Aragorn merely nodded. “It is as I have feared, then,” he said. “I had hoped the stairs would still be there, but I feared them gone or blocked. Very well. Then Boromir and I will choose the way through Rohan.”
He had not been idle in the meantime. Their rations were divided, their packages sorted. Boromir had been bedded in a hidden place somewhere nearby with the help of his comrades, a place where Aragorn and he could stay undetected for some days, if their luck held. In a few days, with any luck, Boromir might heal enough to be capable of traveling. The ranger had said his farewells already to Merry and Gimli. All was prepared; he was ready.

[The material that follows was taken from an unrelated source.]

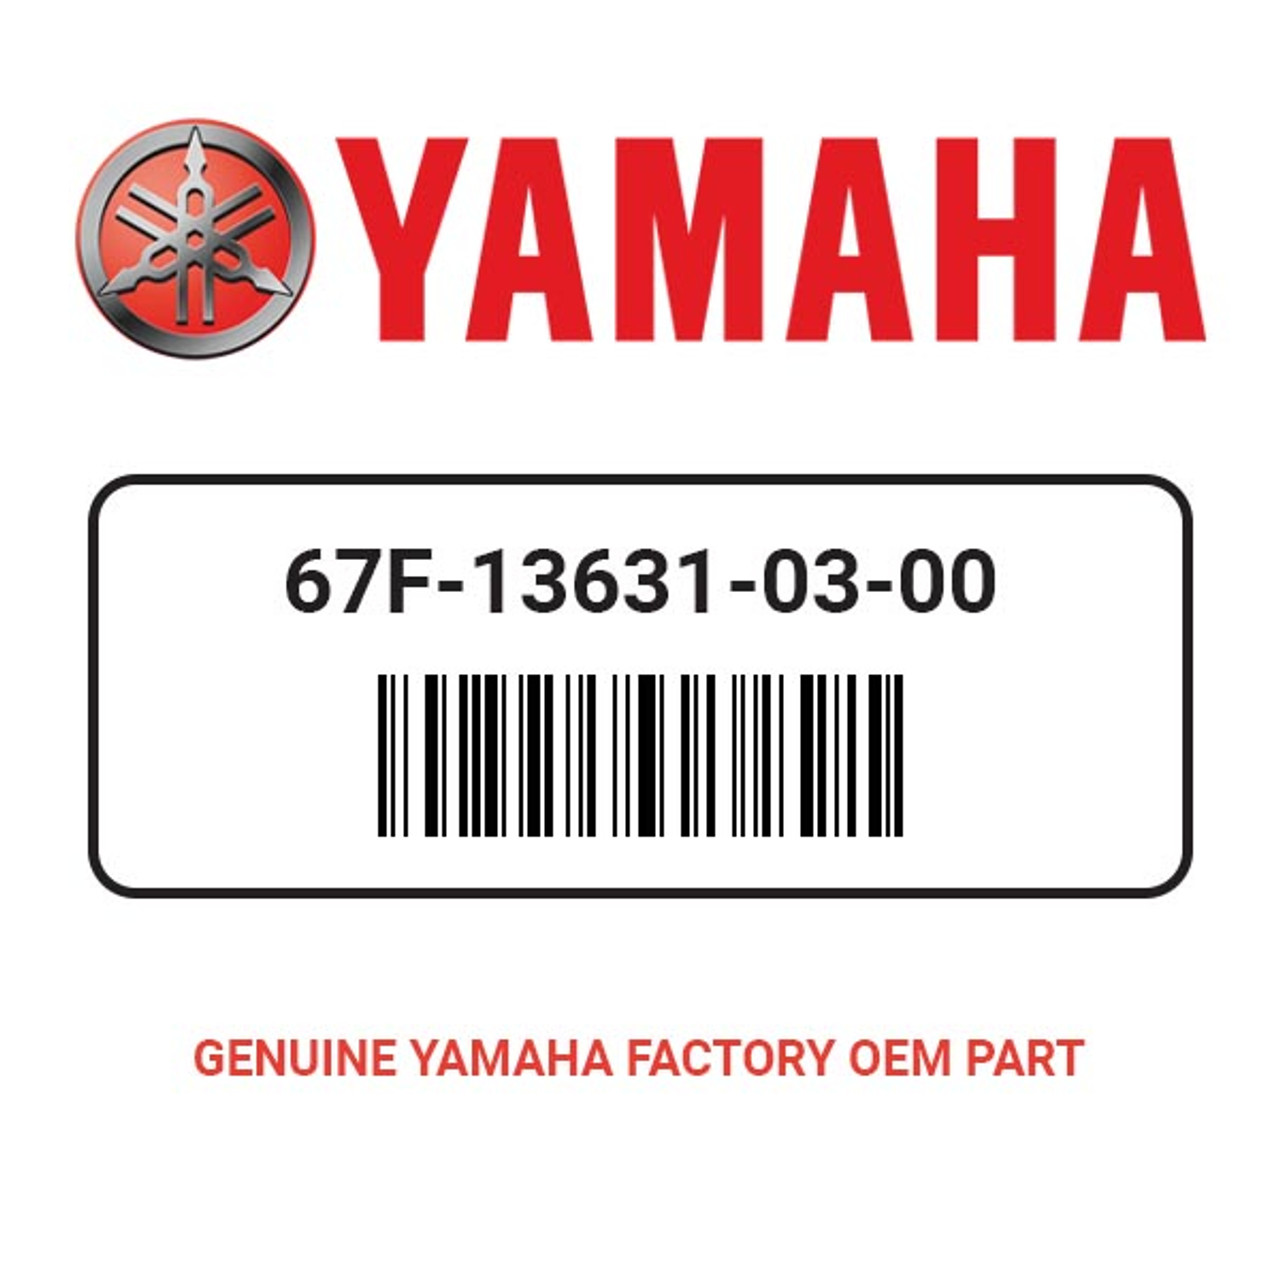 Yamaha 67F-13631-03-00 Oil Seal Wholesale Marine
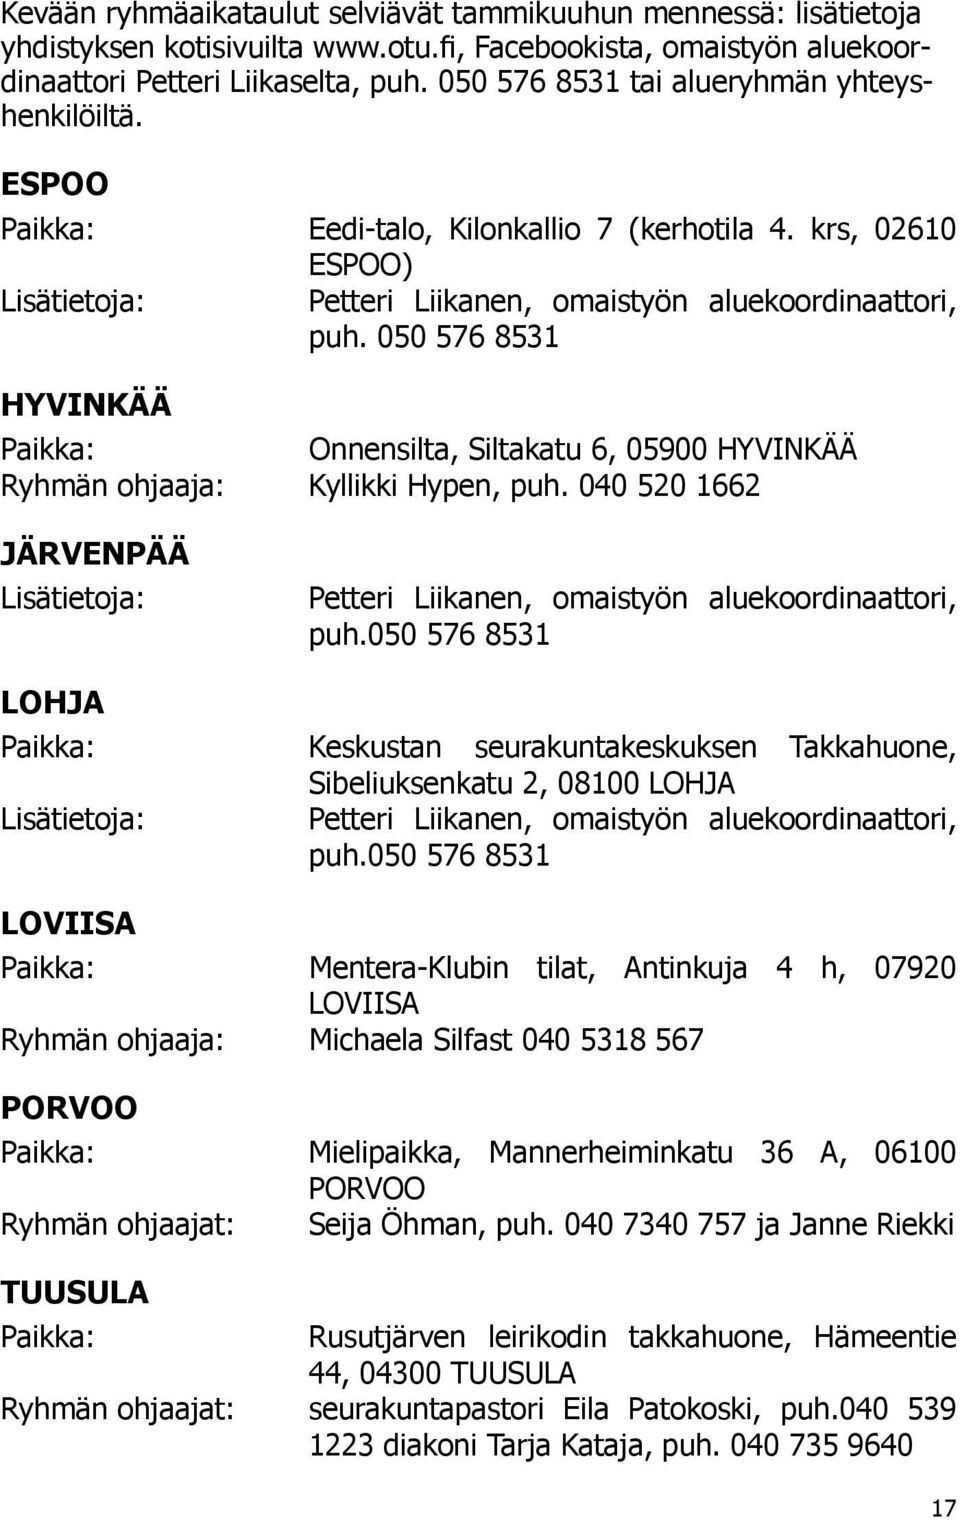 050 576 8531 HYVINKÄÄ Paikka: Onnensilta, Siltakatu 6, 05900 HYVINKÄÄ Ryhmän ohjaaja: Kyllikki Hypen, puh. 040 520 1662 JÄRVENPÄÄ Lisätietoja: Petteri Liikanen, omaistyön aluekoordinaattori, puh.

Legolas hesitated. “Are you sure?” he asked. “You will have to travel soon. The Uruks will be back. They musn't find you!”
Aragorn cocked a brow. “I will avoid them if I can,” he said. “I am a ranger, remember? I can avoid to be found if I wish. You better take care of yourself, Master Elf! You and your merry company can’t afford discovery as well!”
Legolas cocked a brow in response, but then he merely nodded. He gave a small bow.
“Then we will go, Dunadan,” he said. “Luck on your way! May you have a safe journey!”
Aragorn bowed back. “You, too!” he replied. “I have prepared the packages.”
He stood up and placed a hand on Pippins shoulder, then he took one of the prepared bundles and walked away to the hidden place where they had bedded Boromir. He did not embrace Legolas again. They had said their farewells already. There was nothing he could add to that.
The Elf watched him go. Then he turned back to his three comrades.
“Lead the way, Master Dwarf,” he invited. “I suggest we start our travel then.”
Gimli just growled something unidentifiable as he climbed into the boat.
Aragorn watched them go out of his hiding place in the forest. He had the distinct feeling that he would not see all of them alive again.